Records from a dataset

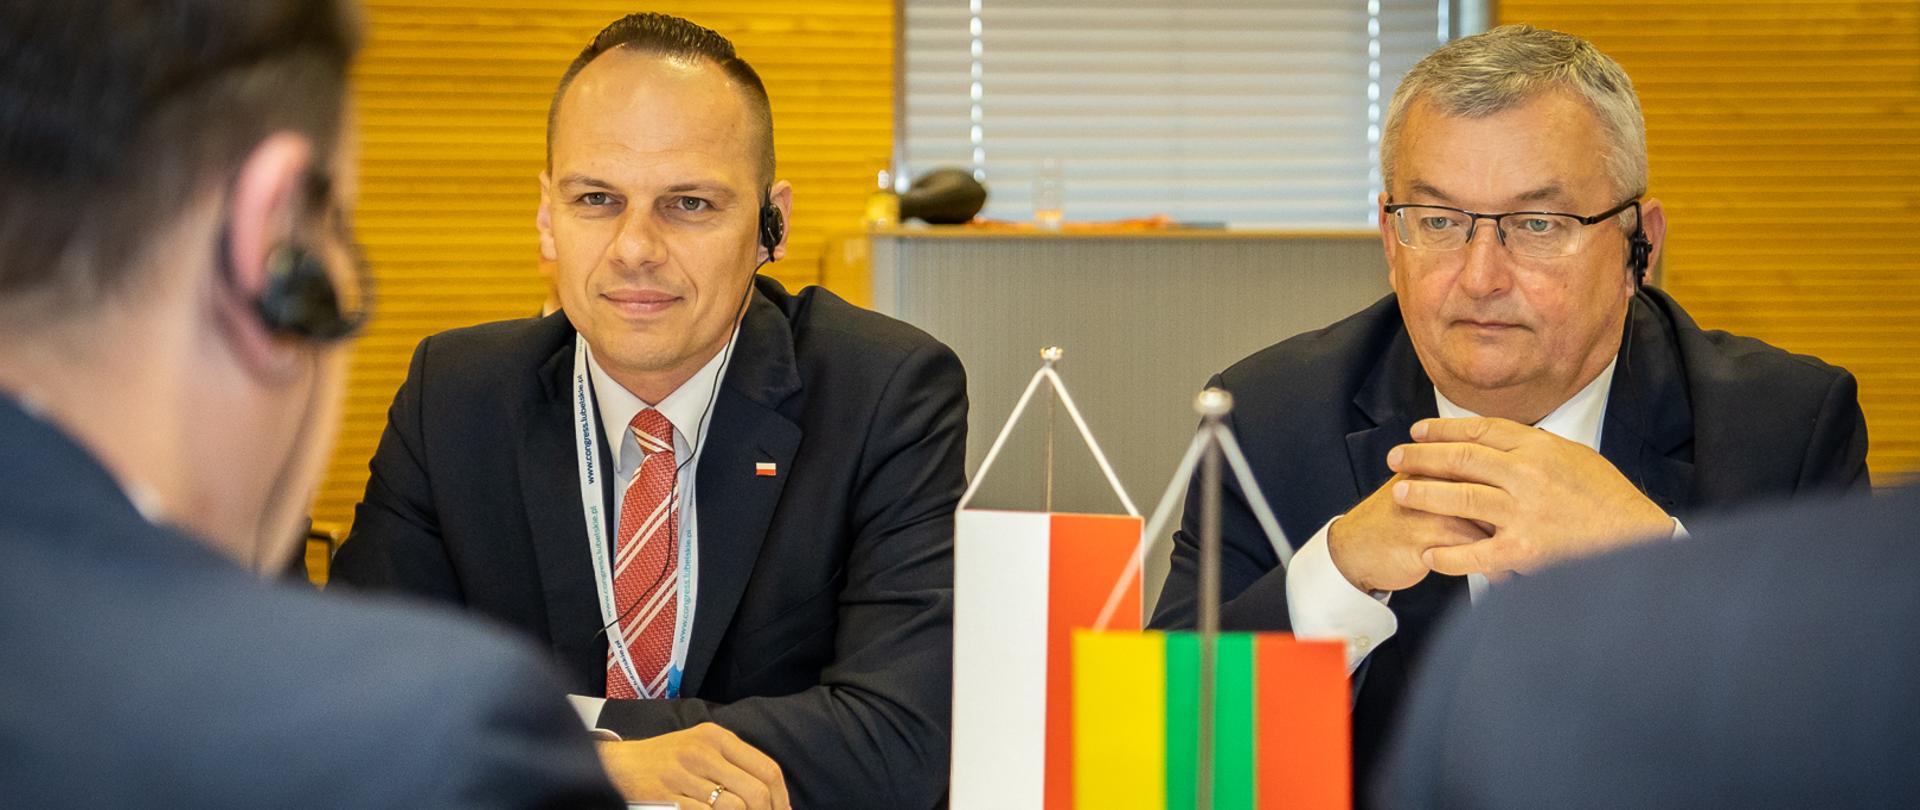 Ministrowie A. Adamczyk i R. Weber w trakcie rozmowy z delegacją litewską (1)
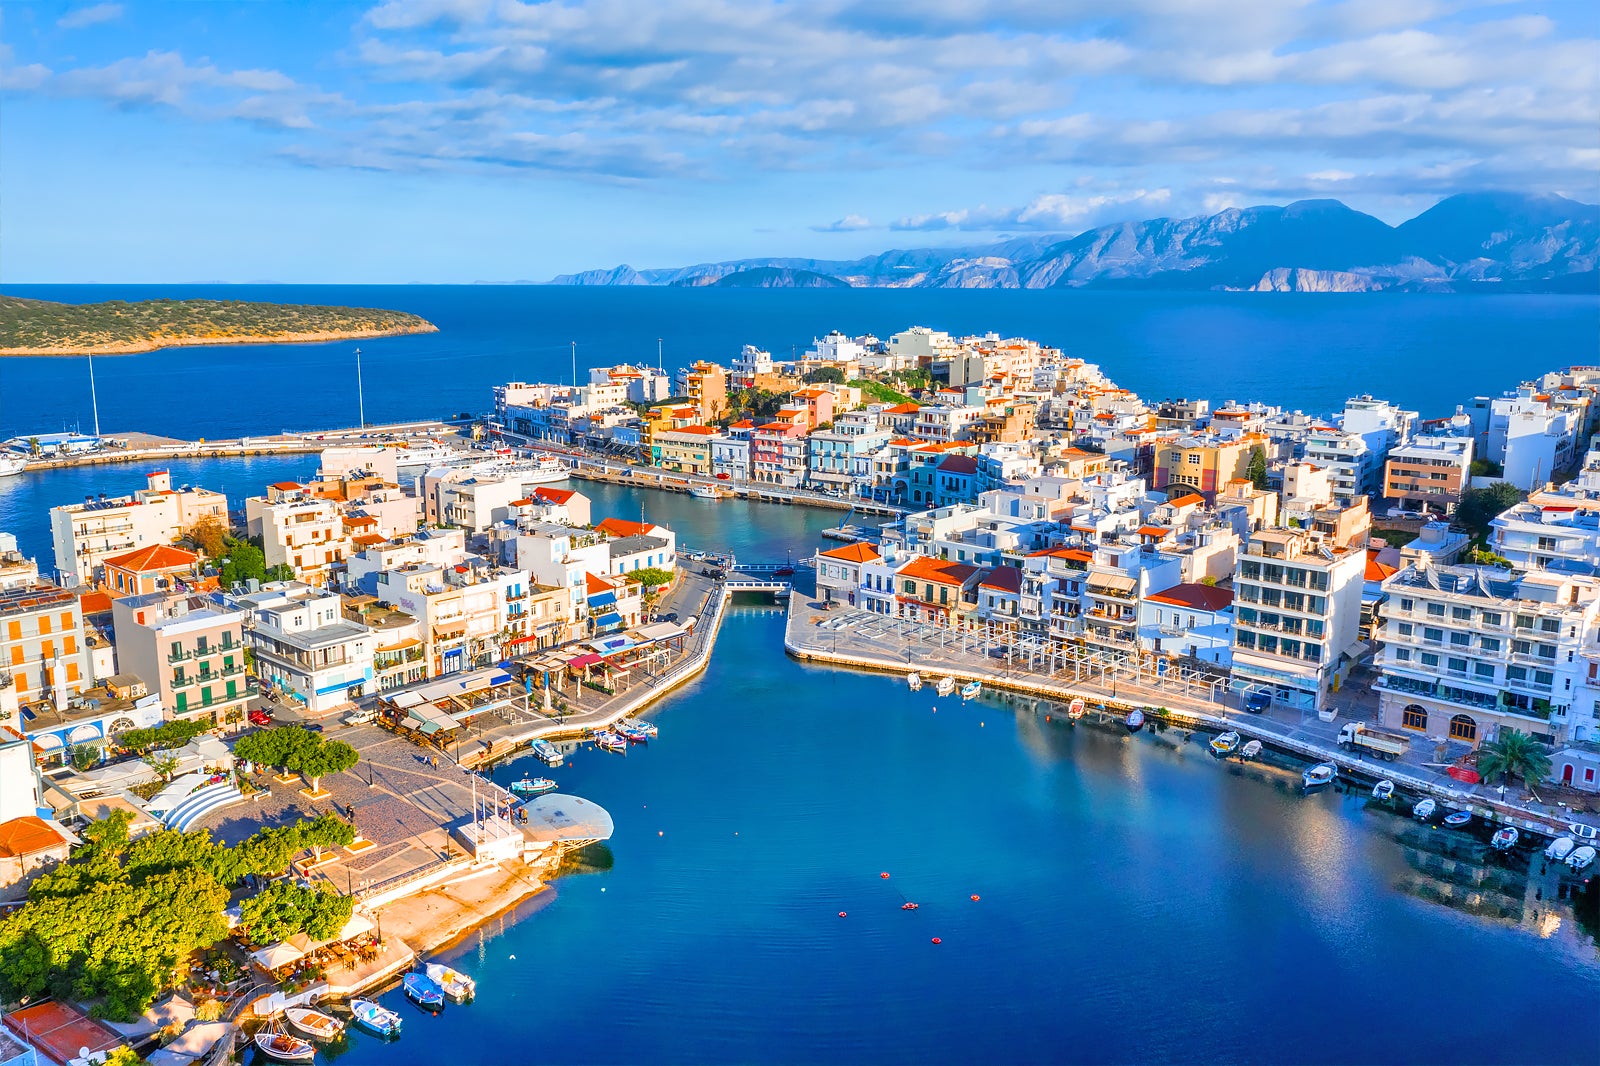 Bảy hòn đảo của Hy Lạp lọt top 20 hòn đảo hàng đầu của châu Âu
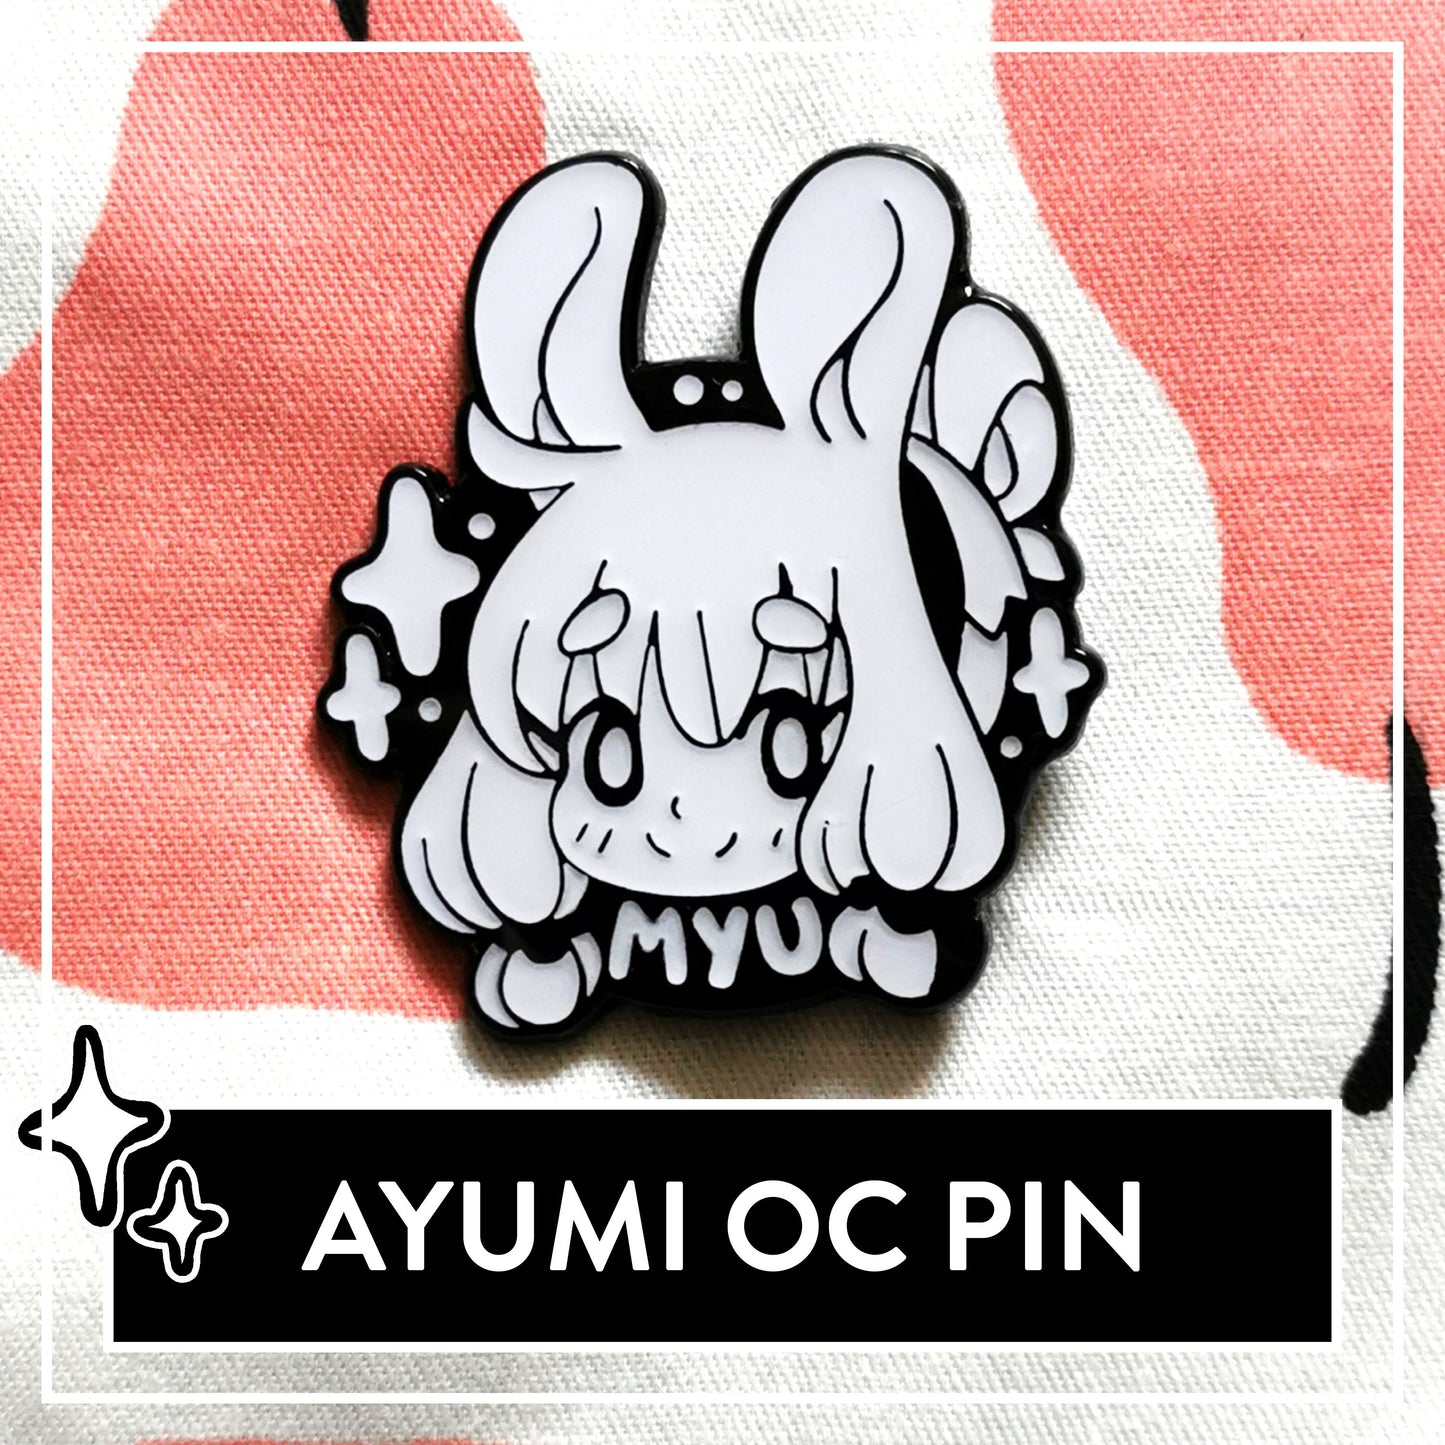 Ayumi OC Hard Enamel Pin - Cute Original Art Pin + Pin Saver (optional)
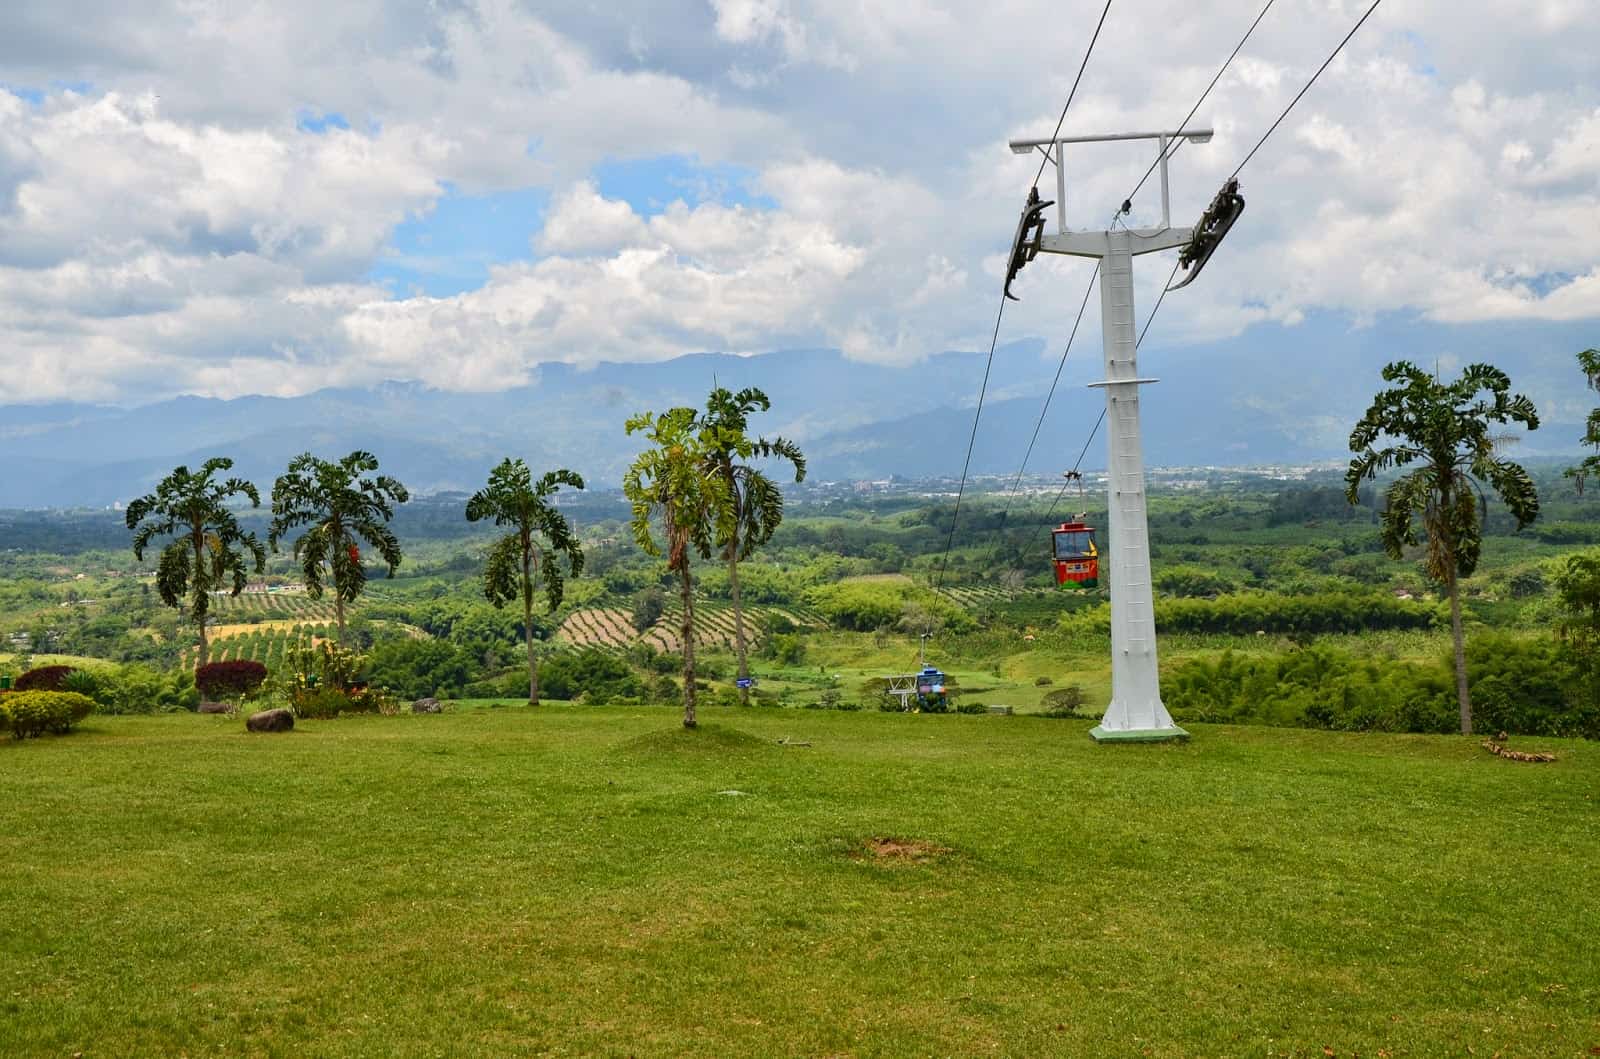 Cable car at Parque Nacional del Café in Quindío, Colombia
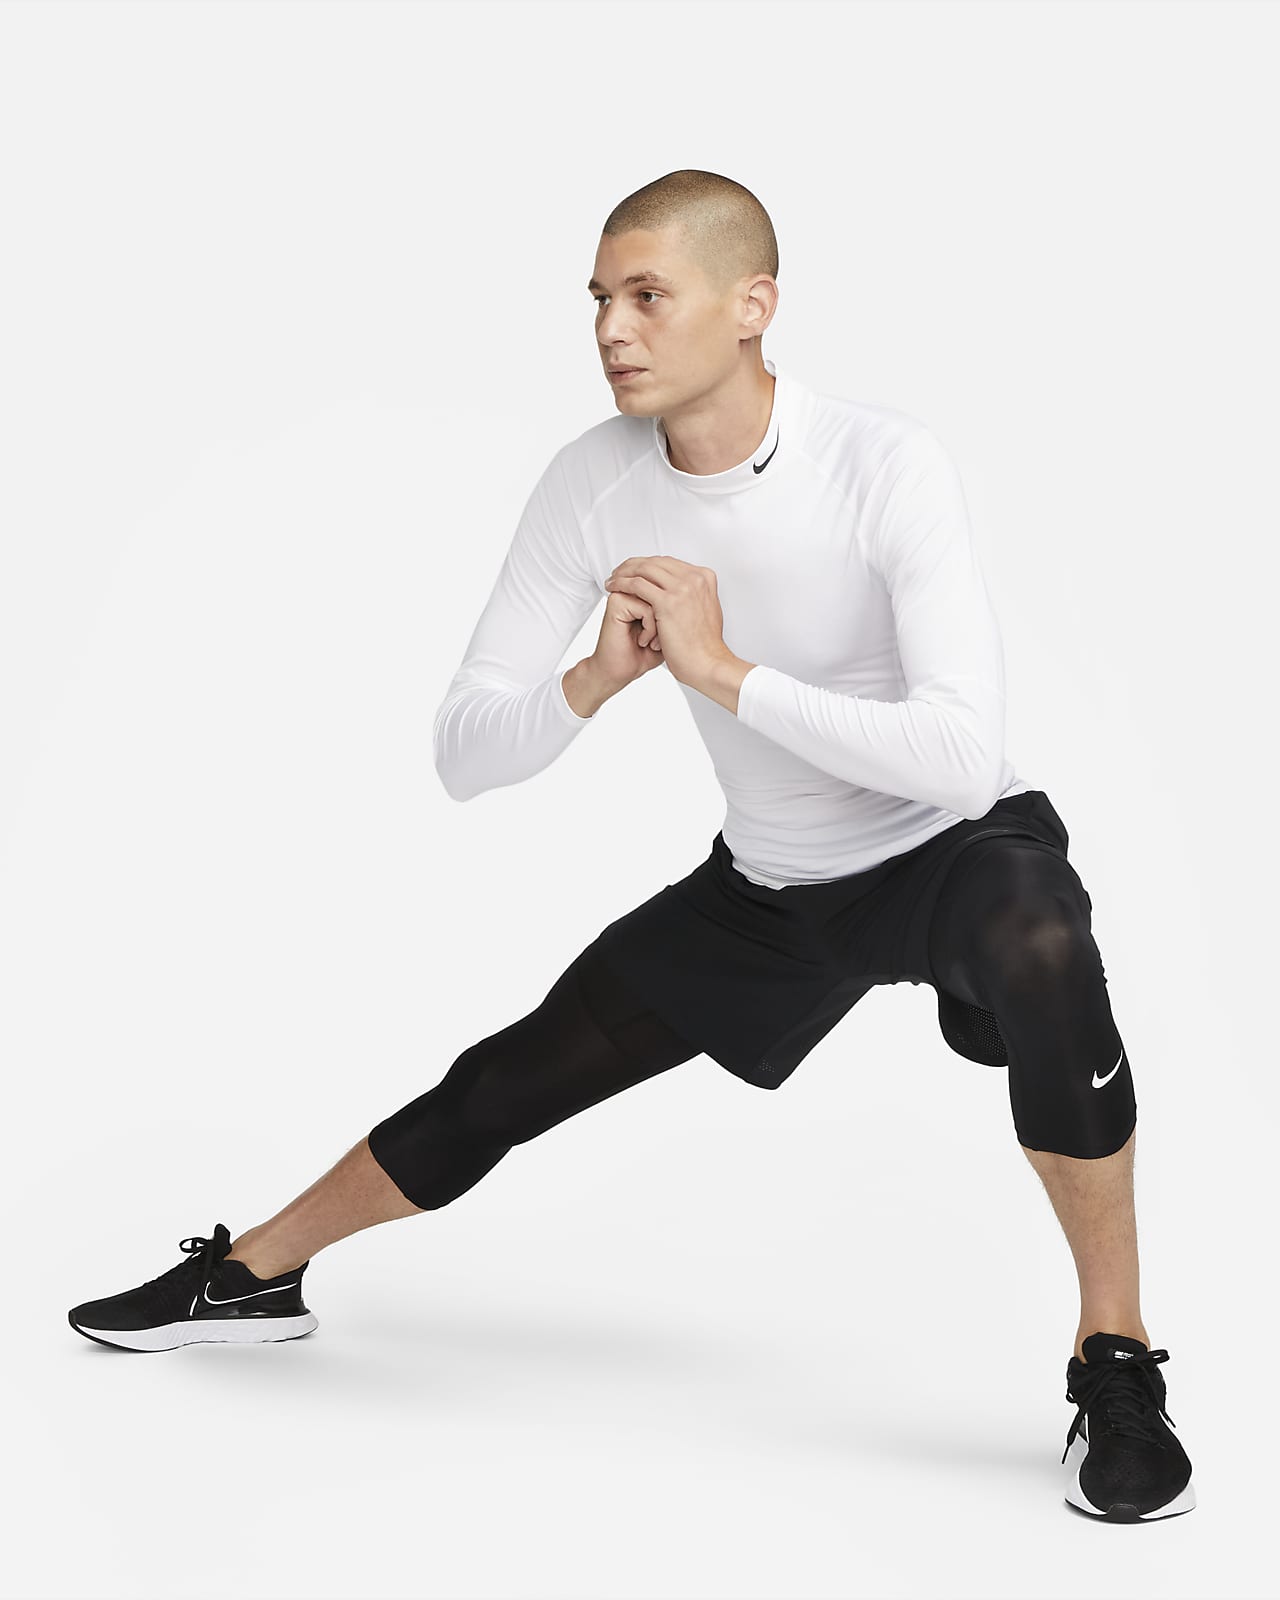 Hombre Entrenamiento & gym Pants y tights. Nike MX

*Problem to work on*
Please write every line above out exactly as given, except for any pictures.

*Exercise solution*
 Ministrowie A. Adamczyk i R. Weber w trakcie rozmowy z delegacją litewską (1)
 Bảy hòn đảo của Hy Lạp lọt top 20 hòn đảo hàng đầu của châu Âu
 Ayumi OC Hard Enamel Pin - Cute Original Art Pin + Pin Saver (optional)
 Cable car at Parque Nacional del Café in Quindío, Colombia
 Hombre Entrenamiento & gym Pants y tights. Nike MX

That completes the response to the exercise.